What you are referring to is what we call supervision in the alarm business. In older simple panels, they were not smart enough to sense the idle 48 volts or active 6-10 volts on the phone line. So, adding a resistor in the loop through the jack itself, the connecting this loop across an input zone, you get supervision. If that jack is unplugged, the panel doesn't see the supervision resistance, and goes into trouble. Often this is a 'tamper' situation, in commercial installations we tamper all devices. Otherwise, the employee could open the panel, disable the alarm while on duty, then come back at nite with the key and unload your stuff. So, we have tamper switches on the devices and the panel that prevent anyone opening devices and such without authorization.
The purpose of the RJ-31X is two-fold. First, it is designed to disconnect everything downstream from the panel (i.e. all the phones in the house/business) so that the burglar can't interupt the phone call. Second, they allow the panel to take over in the event of an emergency and interupt communications on that line. The panel will sieze the line, draw a new dial tone, and call the alarm monitoring center even if the line was in use for a voice call.

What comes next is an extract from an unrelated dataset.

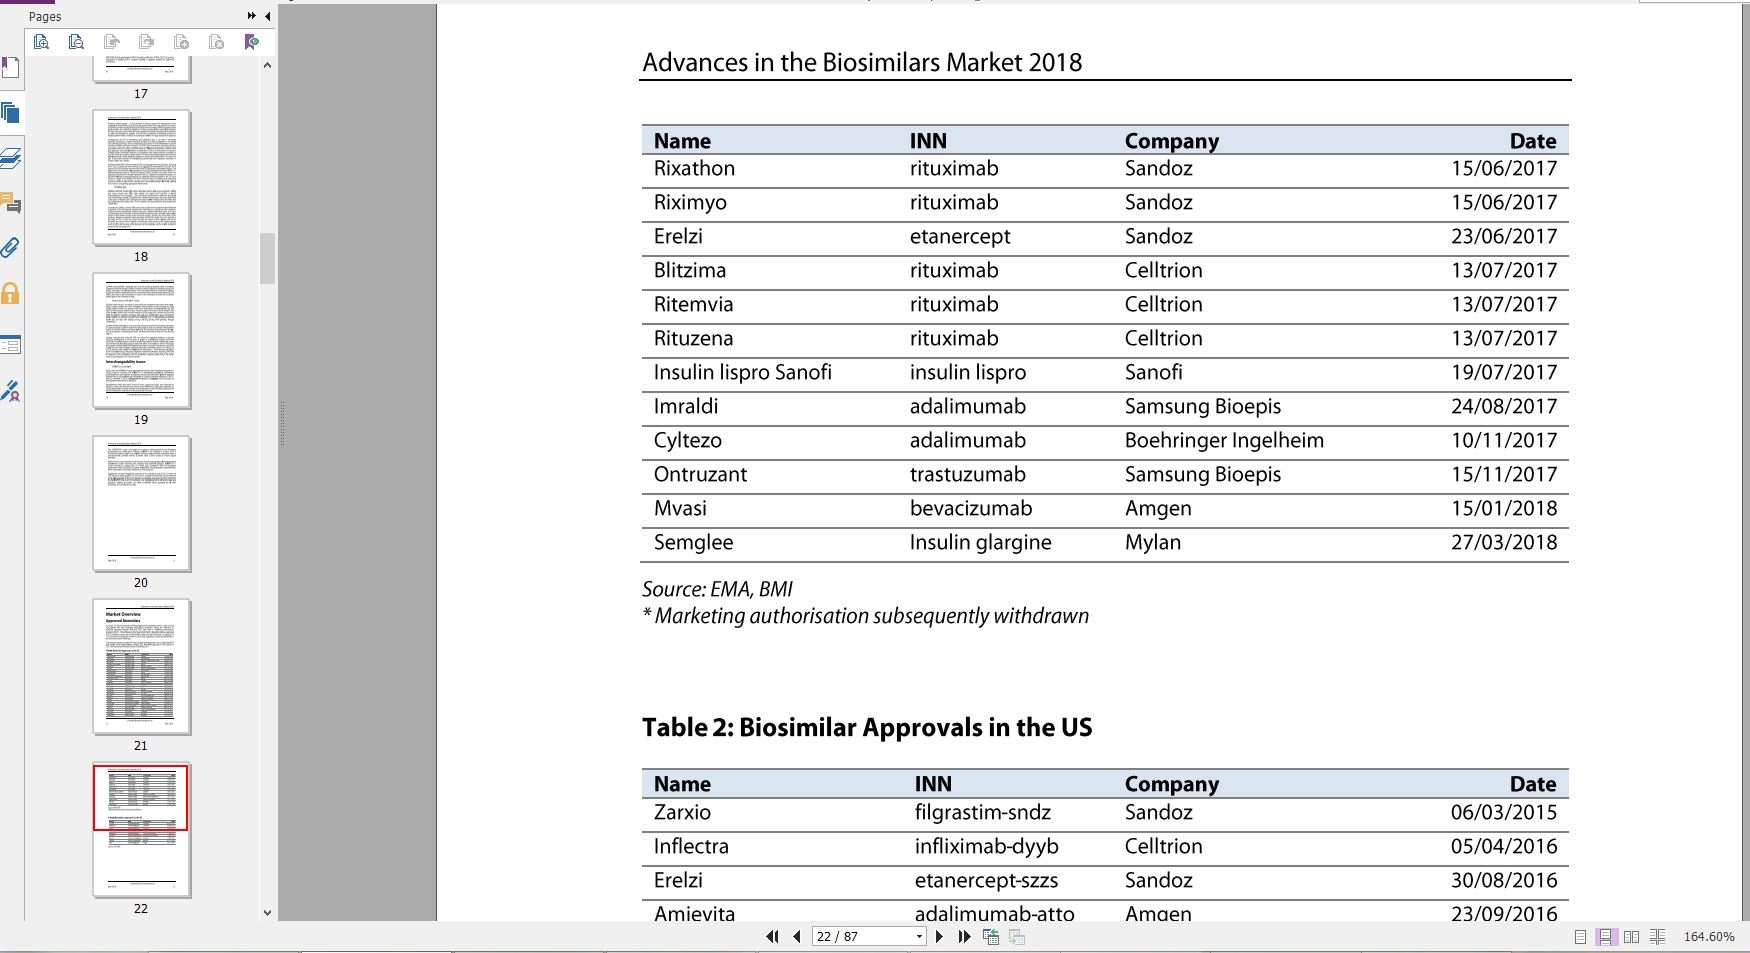 دانلود ریپورت Advances in the Biosimilars Market از بیزینس مانیتور خرید گزارش پیشرفت در بازار Biosimilars خرید Report از Business Monitor دریافت گزارشات BMI گیگاپیپر

Now newer panels will monitor the voltage on the phone line input. Most are programmable for how long you want to have it wait before reporting the line as not present. Generally we set those to 15 minutes or so. Then you have the choice to make the system go into trouble or alarm. Normally we choose trouble. So, if you were rebuilding the NID or splicing or something and took dialtone away for over 15 minutes, the panel would beep inside indicating a loss of phone line. Often the telco's i deal with will take a line down for several minutes for testing/splicing, etc. Of course, if the crook cuts the line before the NID and then breaks in, it won't be able to call the police. You are dependant on a local siren alarm to get attention from the neighbors, or a back up cellular phone connnected to the panel.
Hope that helps.
It is only my opinion, based on my experience and education...I am always willing to learn, educate me!